赤いパッケージのがリモコン式で、セットするときにチャンネルを選択、その回収したいタイミングでリモコンをそのチャンネルに合わせて起動すれば纏めて回収出来る。もちろん一つずつでも出来る。
リモコンはさっきスマホにインストールした補給支援アプリの中にメニューがあるからそこから起動してくれ。

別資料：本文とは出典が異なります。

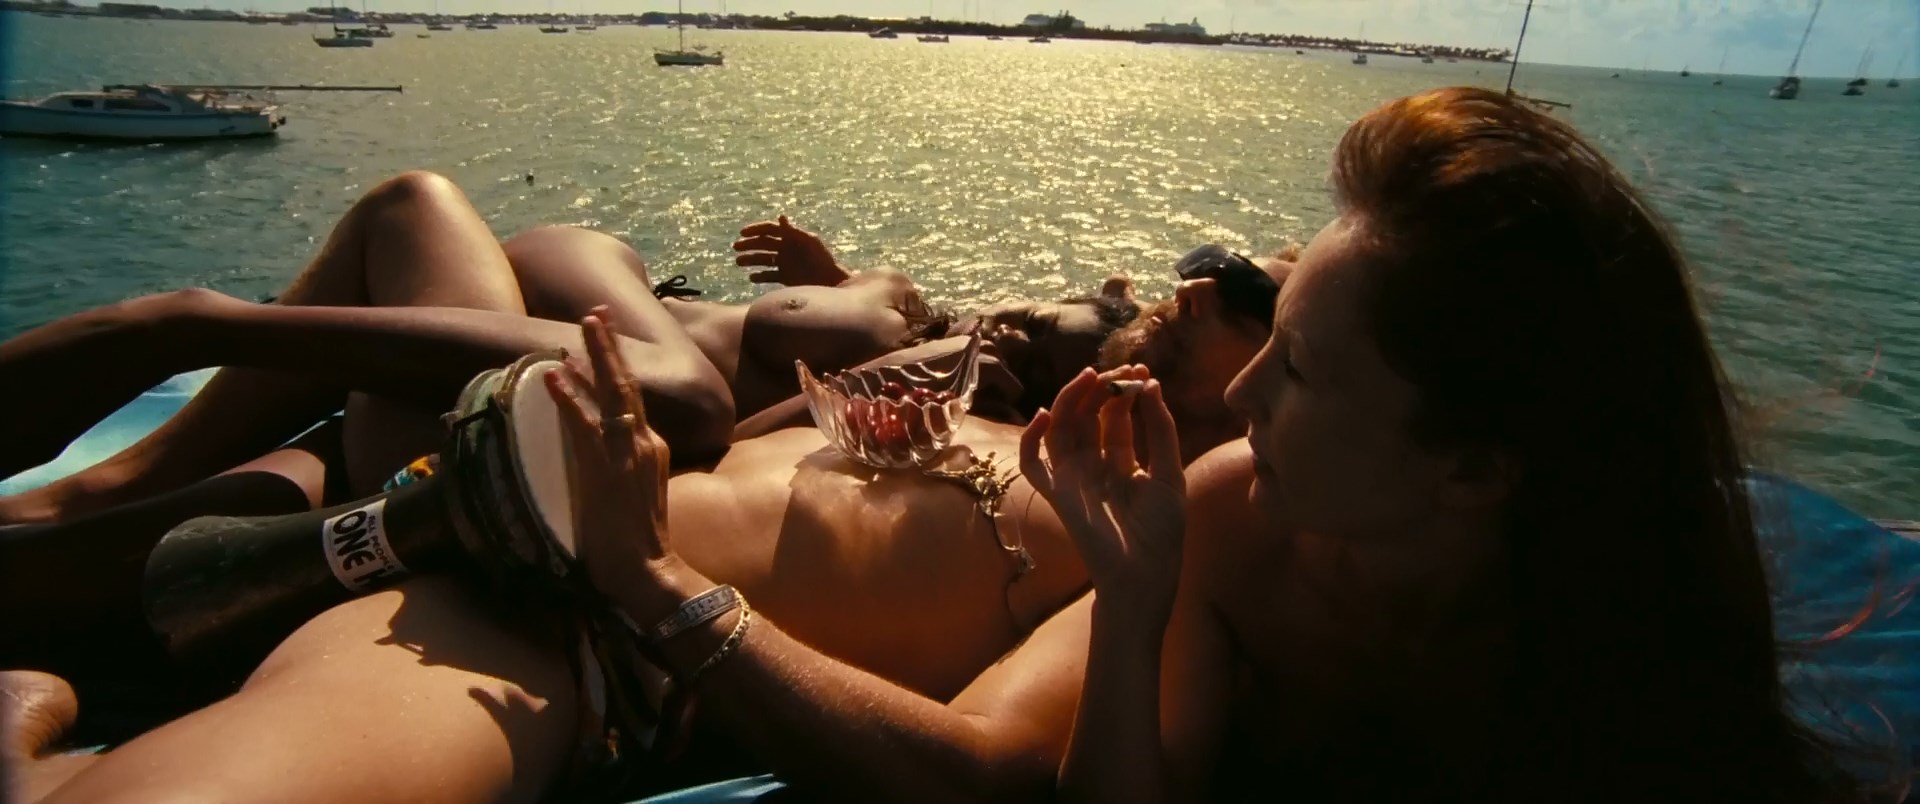 The Beach Movie Nudity - Watch Online - Isla Fisher, etc - The Beach Bum (2019) HD 1080p

まずはこの補給ボックスを回収してもらう。人員回収用でやってくれ」
二人共きちんと回収した。特に問題はなさそうだ。
「次はエアクッション1号艇を回収してくれ。帰りは自分用のフルトンで富嶽に回収してもらうから要らないからな。大型物資回収用でやってくれ」
これも特に問題無く終わる。
「さて、もうそろそろ日没だ。行くぞ」
そう言って俺は海に飛び込もうとするが、
「待った、俺達が運んだほうが早い。本当は瞬間移動で行きたいけど座標がわからないと無理だからな、海面上を飛んでいく。もちろん無音だから気づかれる心配は無い」
と御坂が言ってくれた。ただ、
「気持ちはありがたいが対水上レーダーが怖いからな。あんたらならステルスも出来そうだが俺は無理だ。悪いが泳いで行かせてもらう」
「そうか……向こうで待ってるぞ」
「ああ、出来れば上陸地点の確保も頼めるか?」
「「おう!」」
さて、作戦開始だ……!
まぁ基本こそこそ隠れるんですけどね。